Von entspannten Tagen auf den unglaublichen karibischen Inseln mit weißen
Sandstränden und türkisem Wasser über Campingabenteuer mitten im Dschungel an
einem Wasserfall bis zum mitreißenden Nachtleben von Casco Viejo, der Altstadt
von Panama City findet hier jeder etwas für sich. Sehr empfehlenswert ist das
Inselarchipel Bocas del Toro an der karibischen Küste, das auch als Surferparadies
bekannt ist. Einen Ausflug machten wir zB auch nach Bouquete, einem Ort in den
Bergen, wo es für panamenische Verhältnisse eiskalt und für unsere Verhältnisse
ganz angenehm ist. Dort wird Kaffe angebaut, unter anderem auch die zweitteuerste
Kaffeesorte der Welt. (Diese schmeckt finde ich nicht so berauschend, aber
probieren muss man es natürlich, wenn man schon dort ist…)

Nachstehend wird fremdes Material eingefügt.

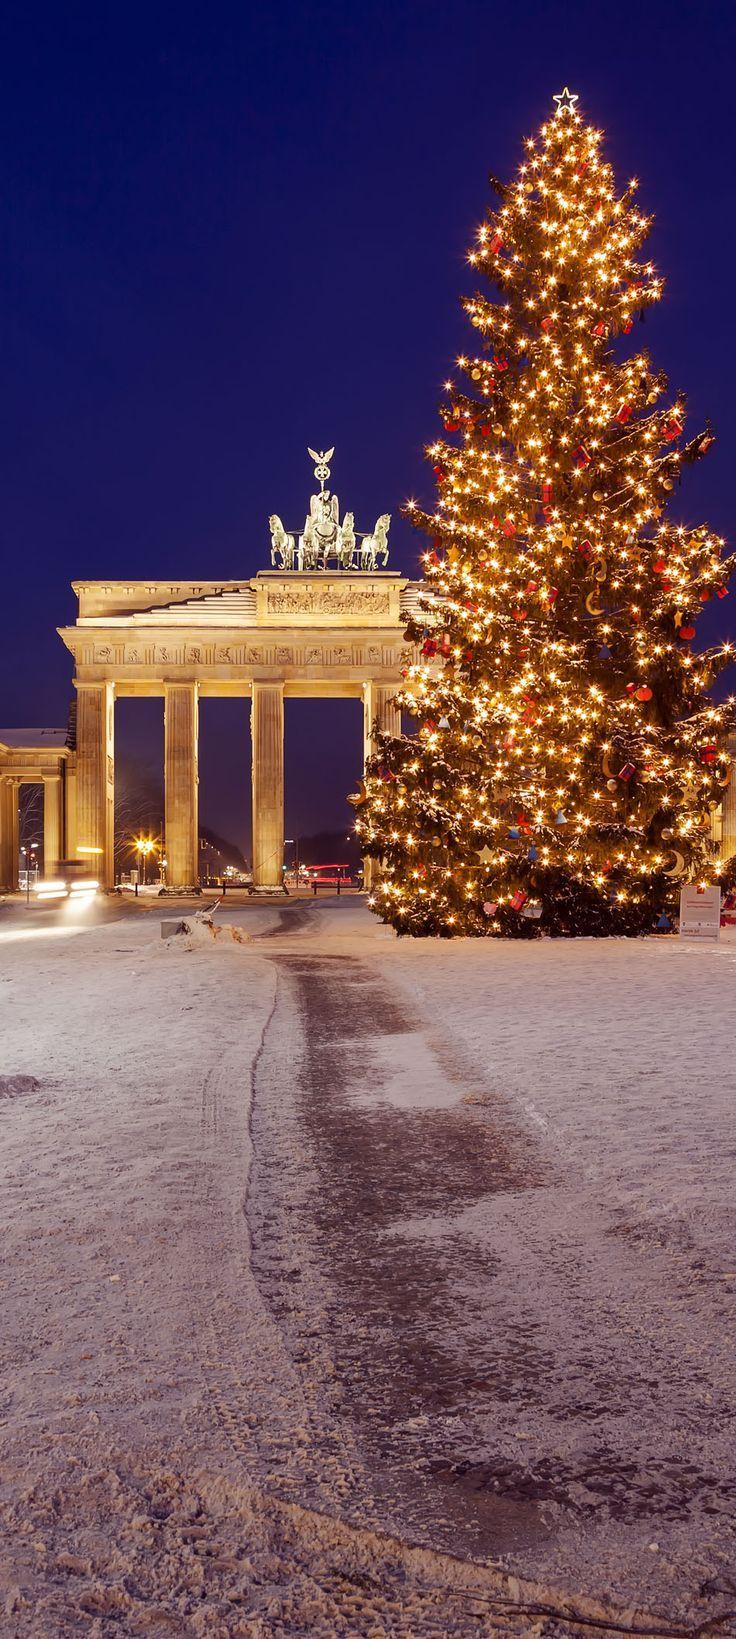 Christmas at Brandenburg gate in winter, Berlin http://imgsnpics.com/christmas-at-brandenburg-gate-in-winter-berlin/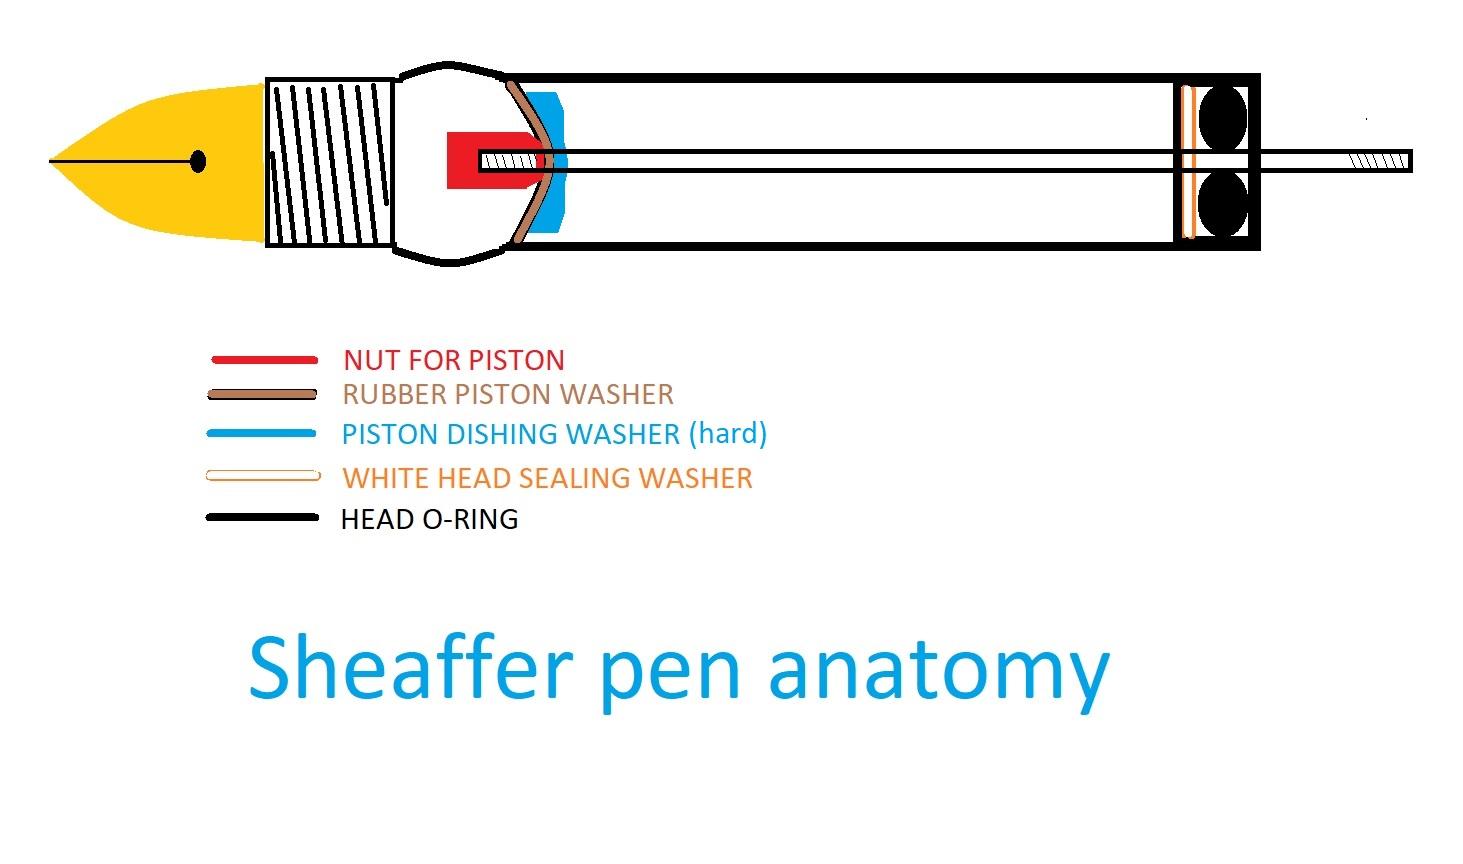 fpn_1567089433__sheaffer_pen_anatomy_vac

Die Panameños sind ein sehr liebenswertes und aufgeschlossenes und teilweise
sehr verrücktes Volk. Man muss sich anfangs an viele Besonderheiten wie zB das
langsame Tempo gewöhnen Einfach alles in Panama geht sehr viel langsamer als
zuhause. Das kann einen z.B. in Restaurants zur Weißglut bringen, aber nachdem
Weißglut in Panama nichts bringt, sondern alles nur noch schlimmer macht, lernt
man doch recht schnell damit umzugehen und die positiven Seiten dieser Mentalität
zu sehen. Ich bin jedenfalls sehr entspannt und „laid-back“ wieder nach Hause
gekommen. :)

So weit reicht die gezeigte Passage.